» ACTIVITY
The task requires repeating, word for word, the lines from the one with "Livre Understanding the" through the end of the material, leaving out all pictures.

» RAW DATA

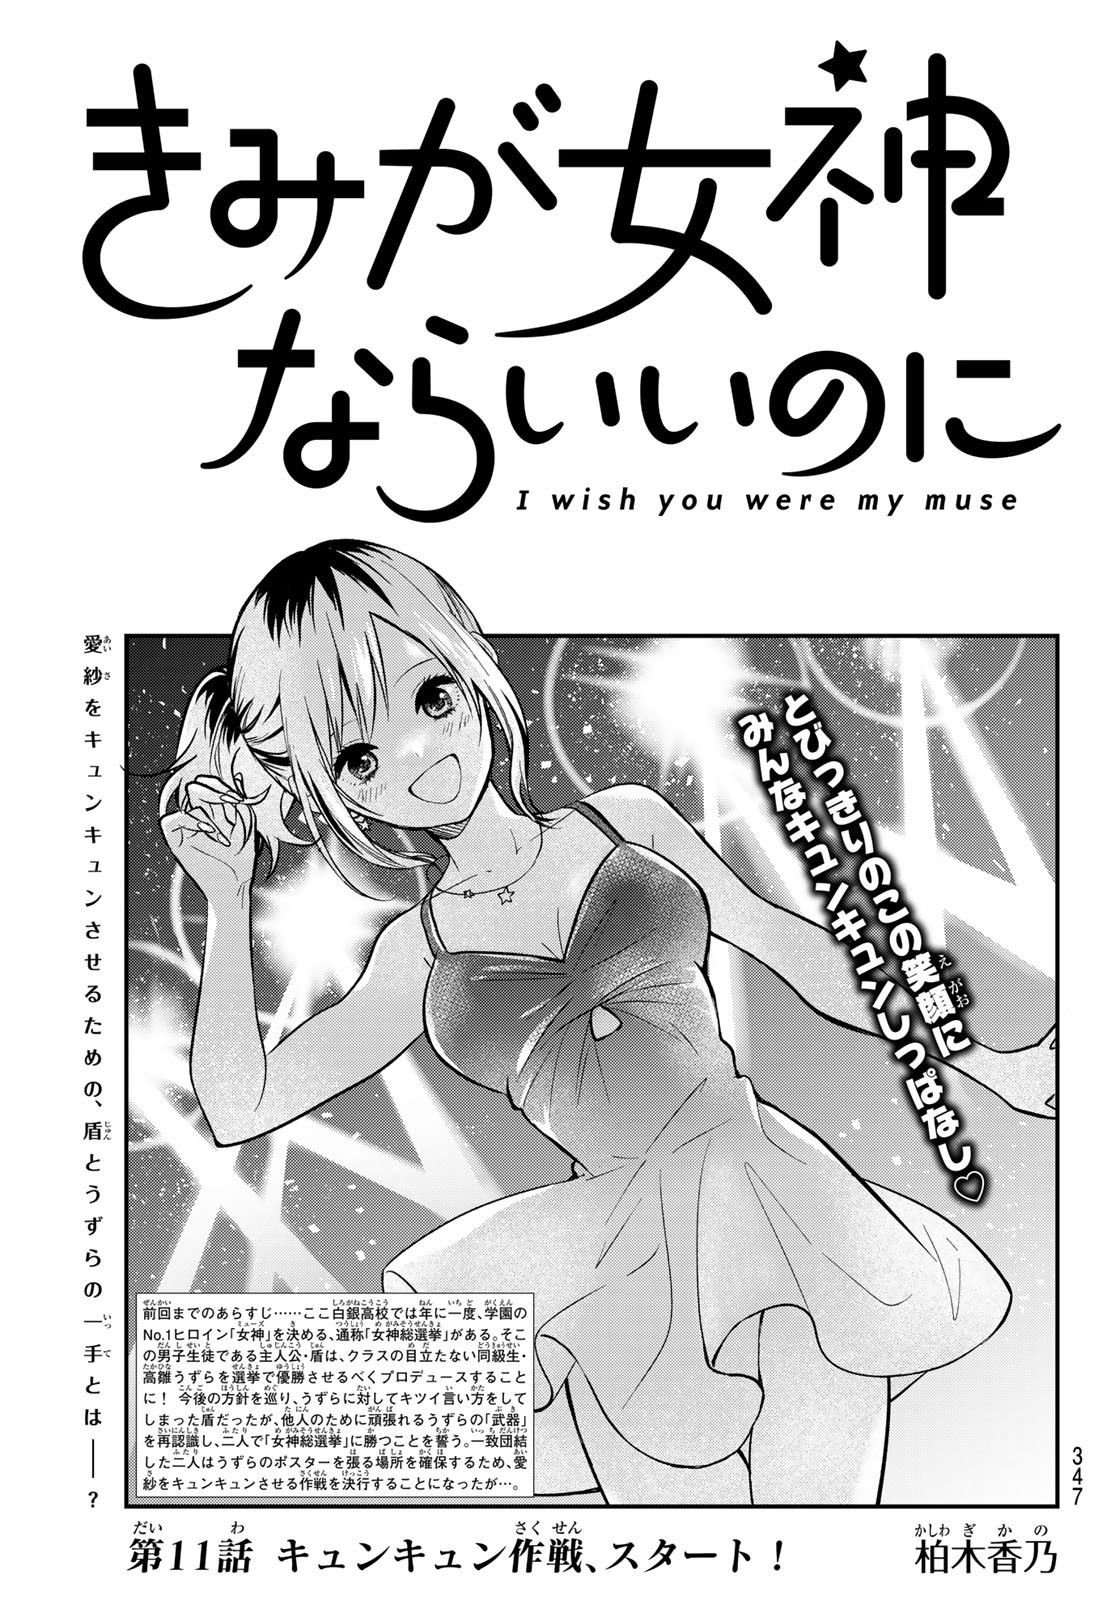 Kimi ga Megami Nara Ii no ni (I Wish You Were My Muse) - Chapter 011 - Page 1
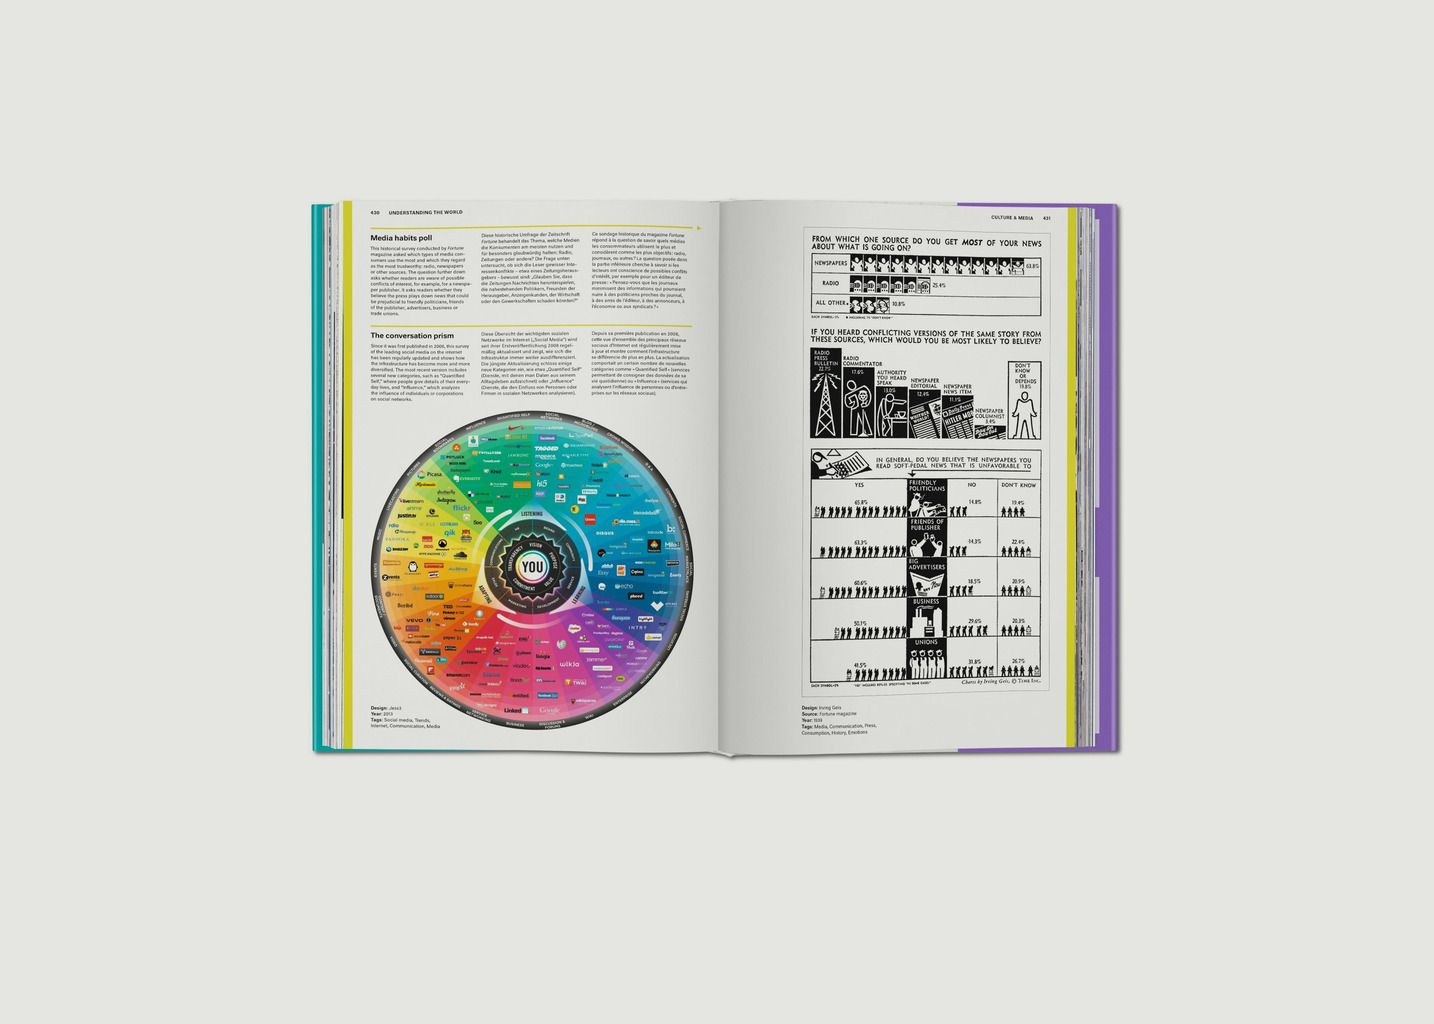 Livre Understanding the World. The Atlas of Infographics - Taschen
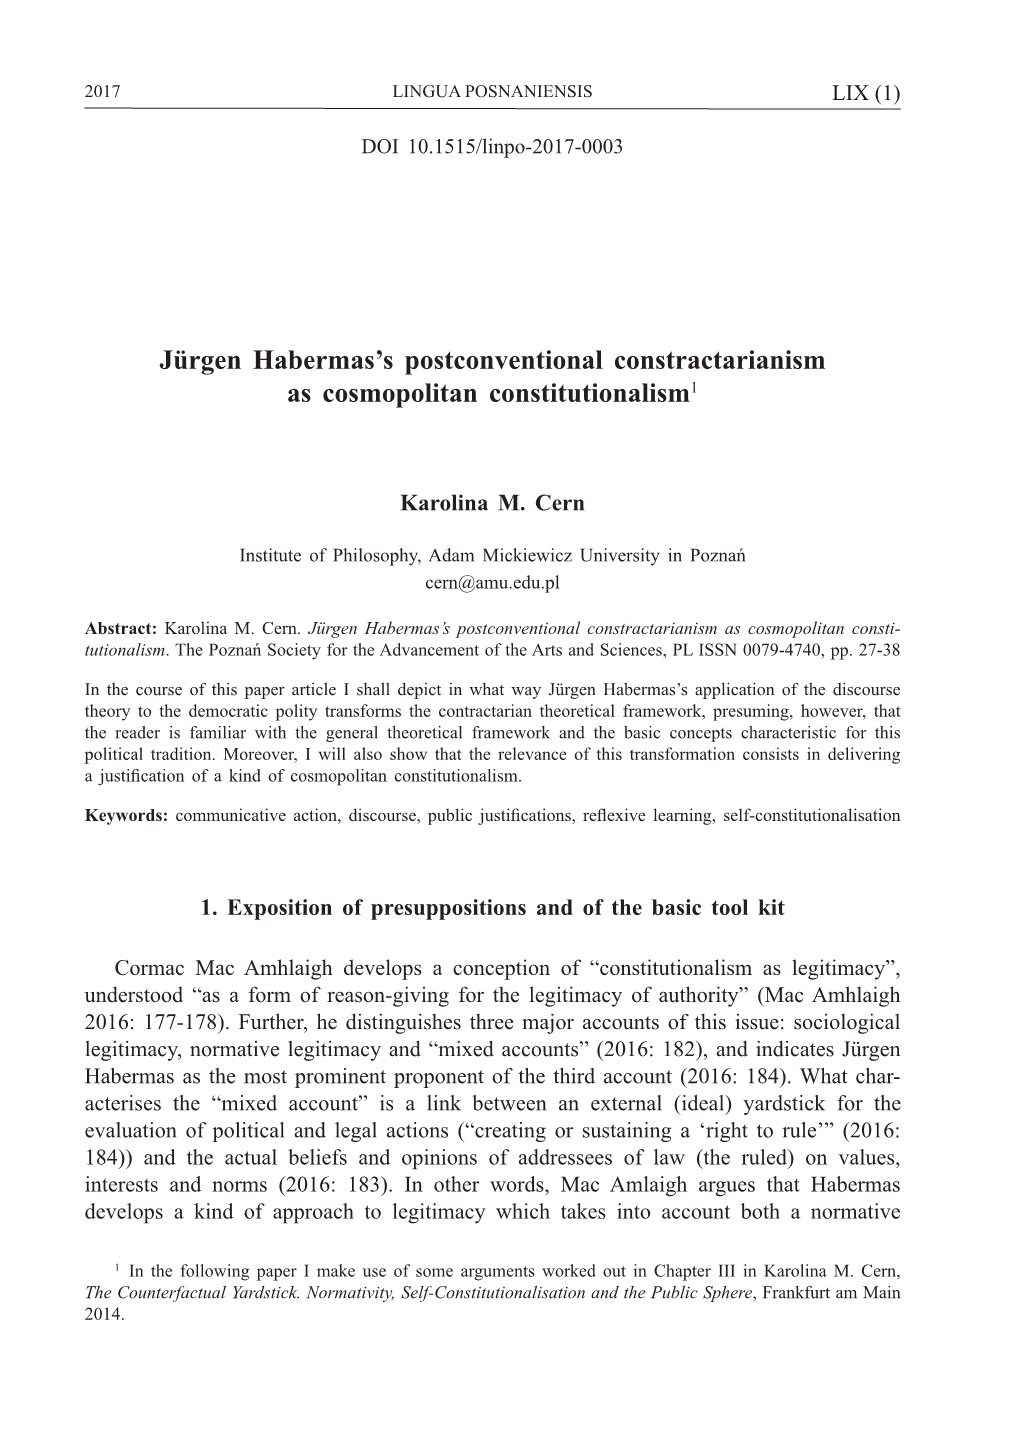 Jürgen Habermas's Postconventional Constractarianism As Cosmopolitan

» WRITTEN ANSWER
 Livre Understanding the World. The Atlas of Infographics - Taschen
 Jürgen Habermas's Postconventional Constractarianism As Cosmopolitan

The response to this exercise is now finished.